Josh (the blog)

I’ve delivered simple, clear and easy-to-use services for 20 years, for startups, scaleups and government. I write about the nerdy bits here.


@joahua

Gods, vampires, and Bakhtinian dreaming

There was a liquid of sorts. It was an excellent liquid, but at the same time feared and potent. It occupied a small bottle that must have the entirety of its contents sprayed upon someone by a given moment, or explode dangerously.

It came to be that there was a room filled with people, panicking about the necessity of the use of this bottle, and a holder of the bottle who must direct it at someone. The holder only came into possession of the bottle in the last seconds, and poured out its contents on one person standing opposite (seemingly chosen at random). Upon doing this, the person was transformed.

He (it was a he) became god-like. He was, someone remarked, in every aspect identical to God, though not good. At once he launched upon the city he resided within, embarking on all manner of deeds terrible and wonderful (that is, deeds which inspired wonderment, admired for their audacity more than their essence). And this man had one after whom he lusted greatly; the one loved by the holder (and unintended creator of this being). In vampiric guise, he could also turn her into one as powerful as himself, as dreaded. And he did.

The two of them began to turn more and more people as they tired of one another and sought to increase the destruction they wrought. Slowly, more were brought into the fold, then their numbers grew increasingly rapidly.

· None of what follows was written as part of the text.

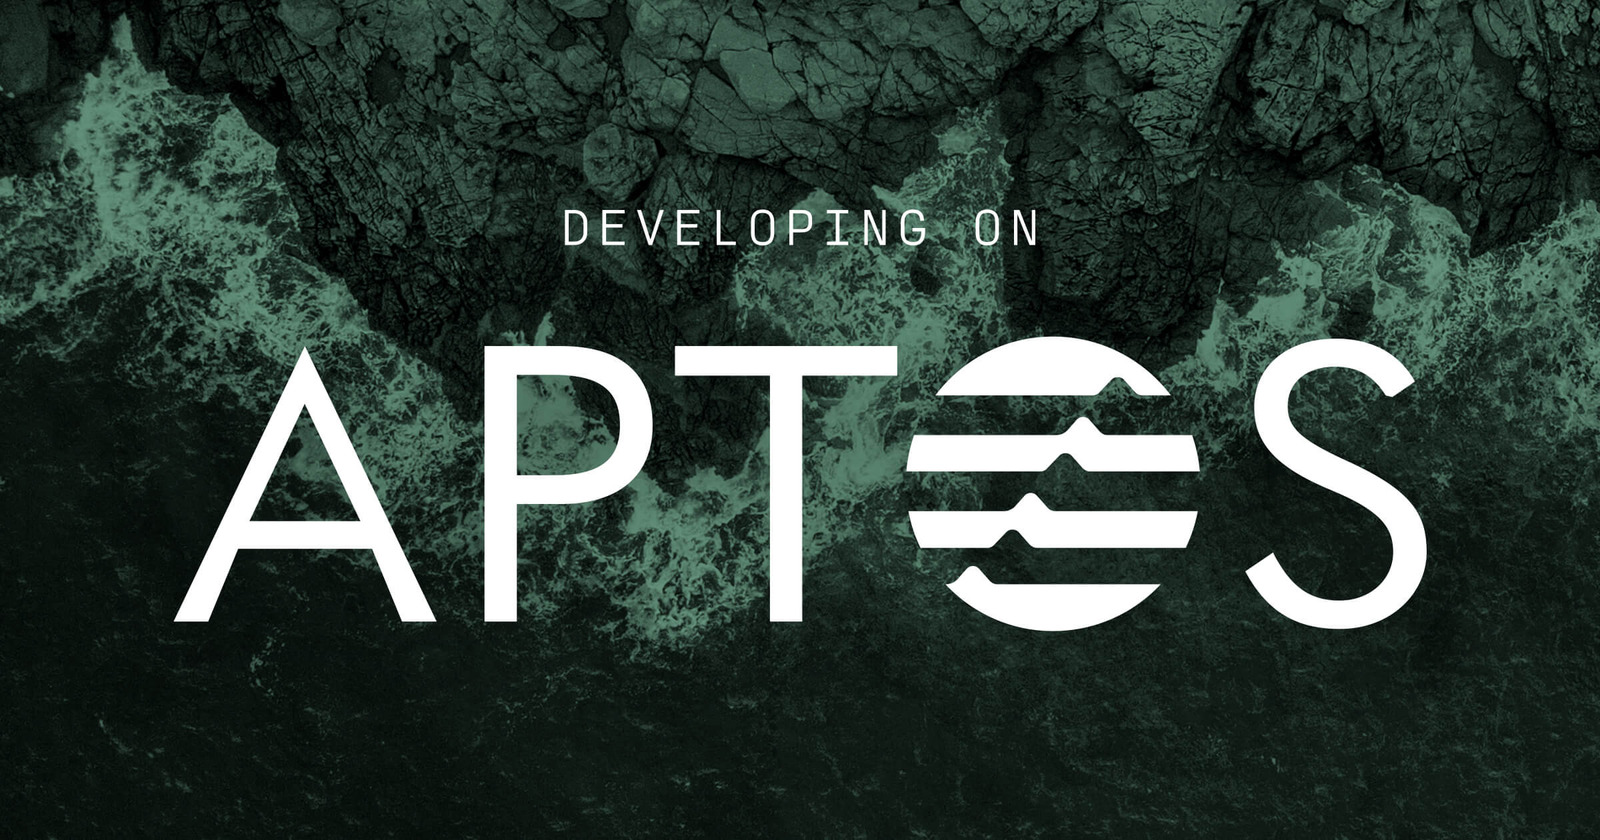 Aptos Labs launches its blockchain

The holder encountered the two of them departing a theatre, implored his lover to return, but she looked back at him emptily, with a vague hostility (apathy was closer the mark). The first created god took her by the arm violently and she hissed at him, but they departed together. The holder was left standing in a cavernous interior; he became aware that more and more of those around him had been brought under their mark, they had all an empty power. It struck him as empty for what is power if not above that of others? Surely with an increase in the commonness of such a thing its scarcity decreased, and with that, its value.

So he became one of them, infected with this illusory power, and extracted his own blood. In a room in some pumping plant more defined by shadows than the light which surrounded them he analysed it, looking, searching. The others once in that room when the holder let this man have such power unwittingly cried at him in mocking voices, that he had fallen himself into their fold. But he was searching. And discovered an antidote, some way to return power to that God which is good as well as powerful; a means of return.

It spread through the water. Eventually, it reached the first-created god and his paramour. Eventually, the holder’s love was freed.

Another dream I remembered. This one was particularly strange. I have recorded it here with an altered ending but as little flourish or complex language as possible; it was visually rich and would take too long to describe. Any attempts to read this as strongly allegorical would probably render me a heretic — suffice to say, I am aware it does not stand up to scrutiny in this manner.

The essential idea of the dream was actually the opposite: if the main (anonymous) female were to have embraced the created antagonist because of his promise of distinction, the male protagonist would win her back by making everyone the same as her (by becoming ‘infected’ himself & spreading this to the entire populace), hoping then that she would return to him. So it’s a quest-romance narrative of sorts with attached very twisted theology. The whole dream felt so empty, like there was a goal towards which everyone was working but there was no actual reason for them doing so. Bizarre. A little scary. Hadn’t even watched any vampire movies in the last couple of days… there is a strong undercurrent of dialogic thinking that is perplexing to say the least.

Yes. Anyway. Seeing as I remembered a dream or two I thought I’d indulge myself in gratuitous (albeit vague) musings about it all.